Most AI in production runs blind.

73% of enterprises now require AI agent monitoring in production, yet 63.4% say they lack the tooling to do it. Traditional monitoring tracks latency and errors. It cannot tell you whether an agent made the right call, which tool it reached for, or why it went wrong.

what monitoring sees · APM vs AI systems

What traditional application monitoring captures versus what an AI system needs.
Signal	Traditional APM	What an AI system needs
Latency & errors	Yes	Baseline
Model calls & tokens	Partial	Full trace
Tool invocations	No	Every call, with arguments
Reasoning & decisions	No	Nested spans, plan drift
Output quality	No	Scored against expectations
Where traces live	Third-party SaaS	In-region / self-hosted

The trouble is that AI fails in ways traditional monitoring cannot see. Application monitoring tells you a request succeeded, how long it took and what it cost; an AI call can return in fifty milliseconds, report success, and still hand the user an answer that is wrong, unsafe or off-policy. Latency and error rate say nothing about whether the model picked the right tool, retrieved the right document, or reasoned its way to a sensible conclusion. The signal that matters, whether the output was any good, is invisible to the dashboards most teams already run.
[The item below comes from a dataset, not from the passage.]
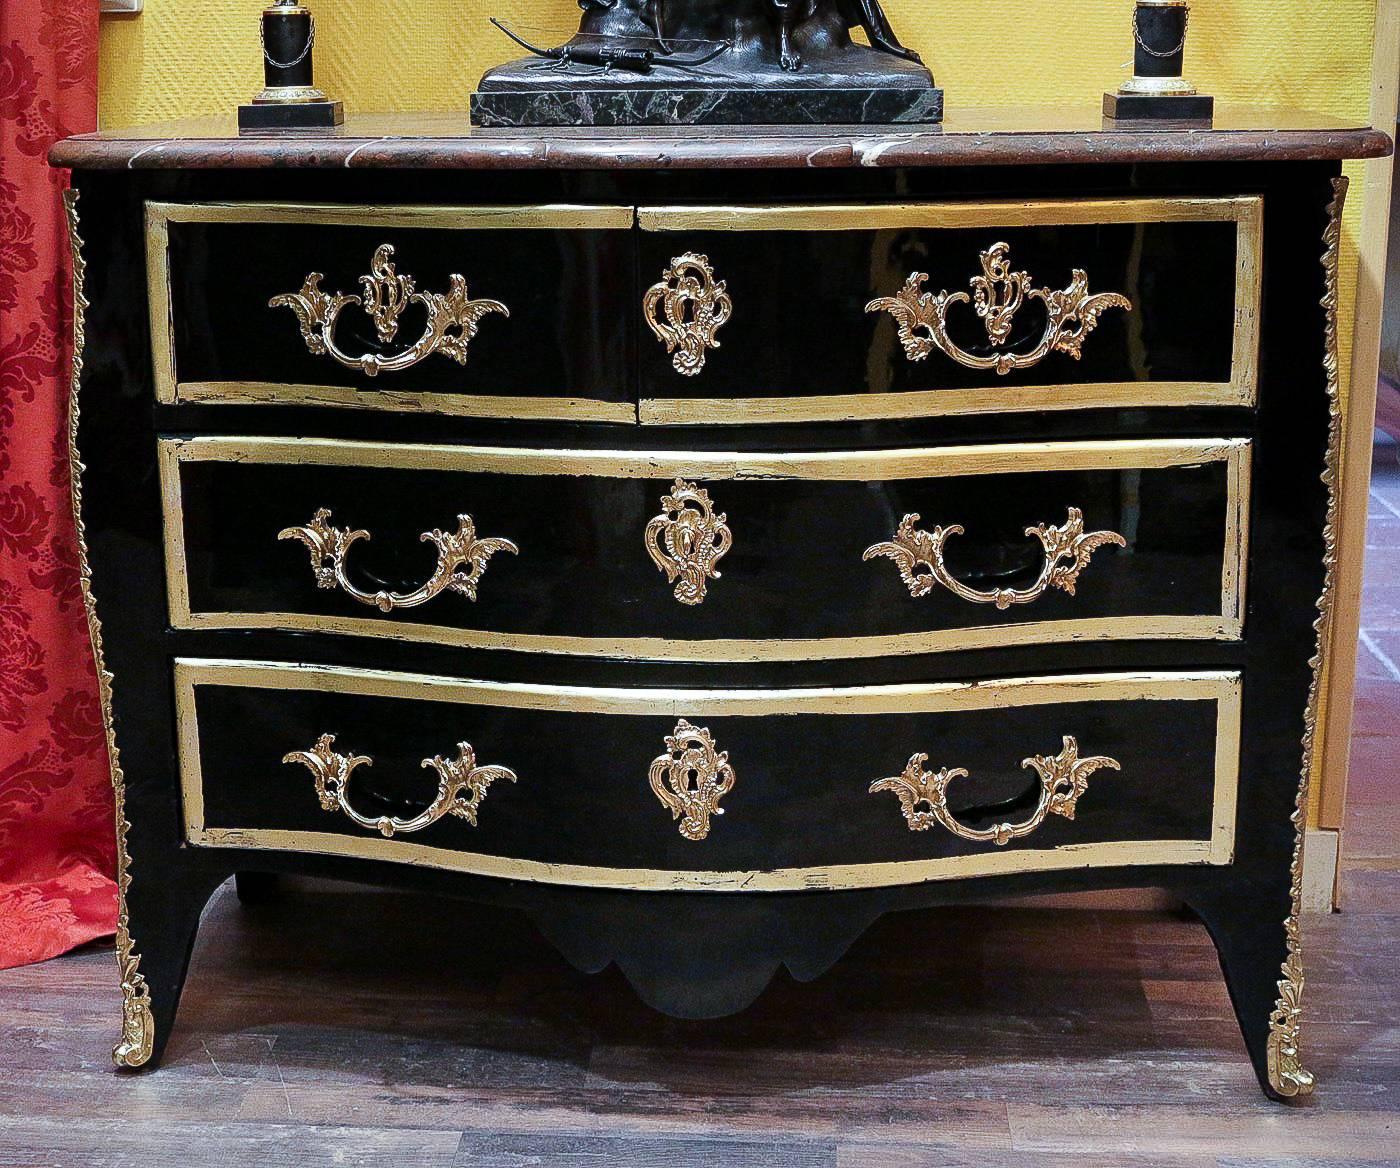 Fruitwood French Regence Period Serpentine Black Lacquered Commode, circa 1720-1730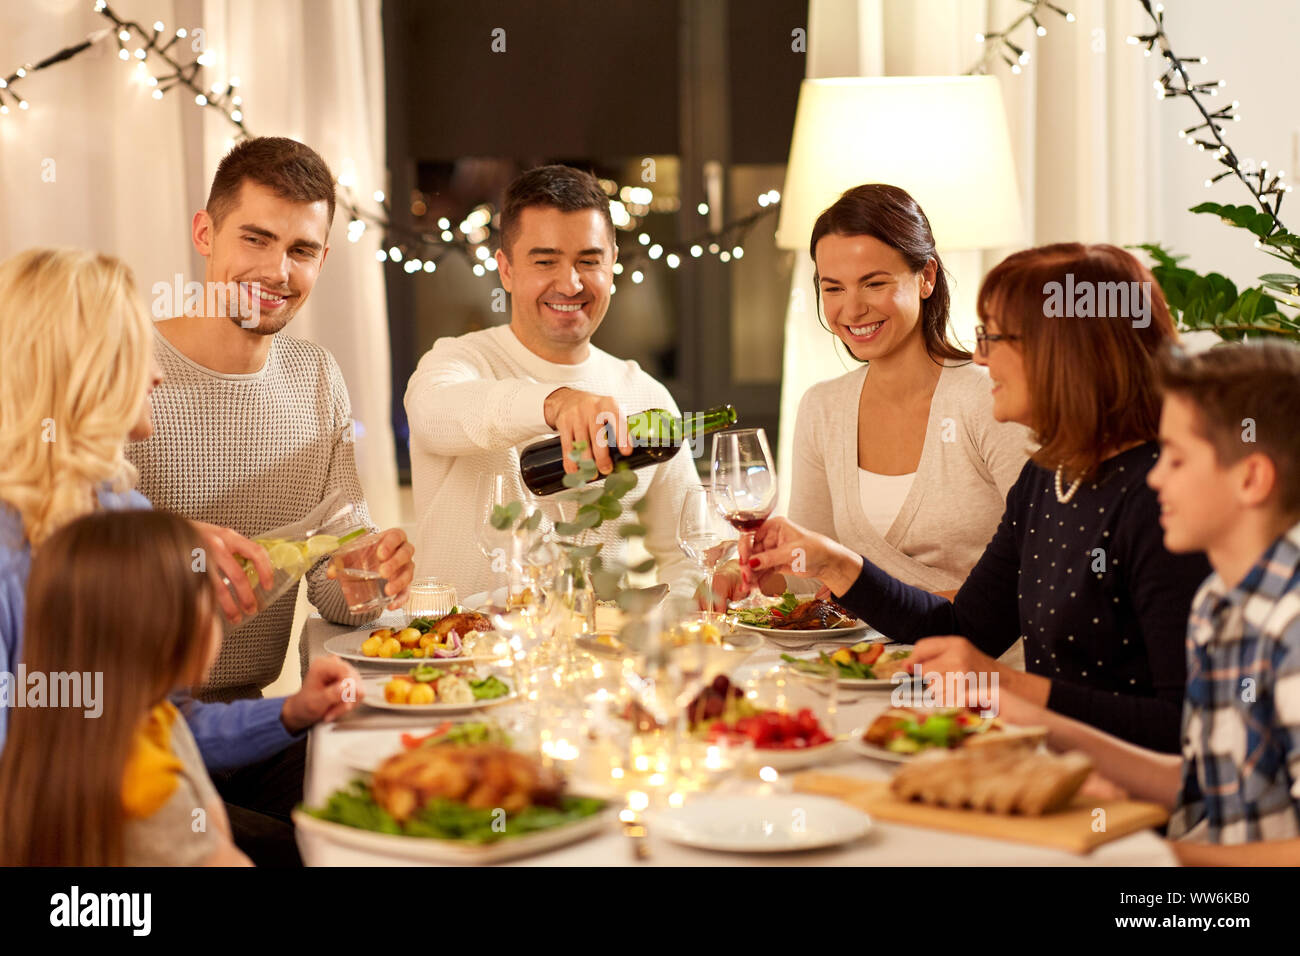 happy family having dinner party at home Stock Photo

Agents make this harder, because they are not deterministic and their failures build across turns rather than in a single call. A conversation drifts from its context, a hallucination compounds on an earlier one, an agent picks the wrong tool and the mistake cascades through the steps that follow. Watching only the final reply hides where the behaviour broke. Seeing it takes trace-level spans across every model call, tool invocation and hand-off, stitched into one execution tree so the step that introduced the problem is visible rather than guessed at.

On top of the trace sits the part that separates monitoring from observability: evaluation. Each output is scored, for faithfulness to its sources, for hallucination, for safety, for relevance, so quality becomes a number you can watch and alert on rather than a complaint you hear from a user later. Drift detection then tracks those scores across prompt versions, model updates and user segments, so a quality regression after a model change shows up at its source instead of as a slow, unexplained decline in how well the system works.

Sovereign models, traces that stay in-region.

Sending production traces and prompts to a third-party AI service can put you on the wrong side of your own data-governance rules. For teams under GDPR, NIS2 or the AI Act, self-hosted observability and EU-hosted models are often the only setup that holds up in a review.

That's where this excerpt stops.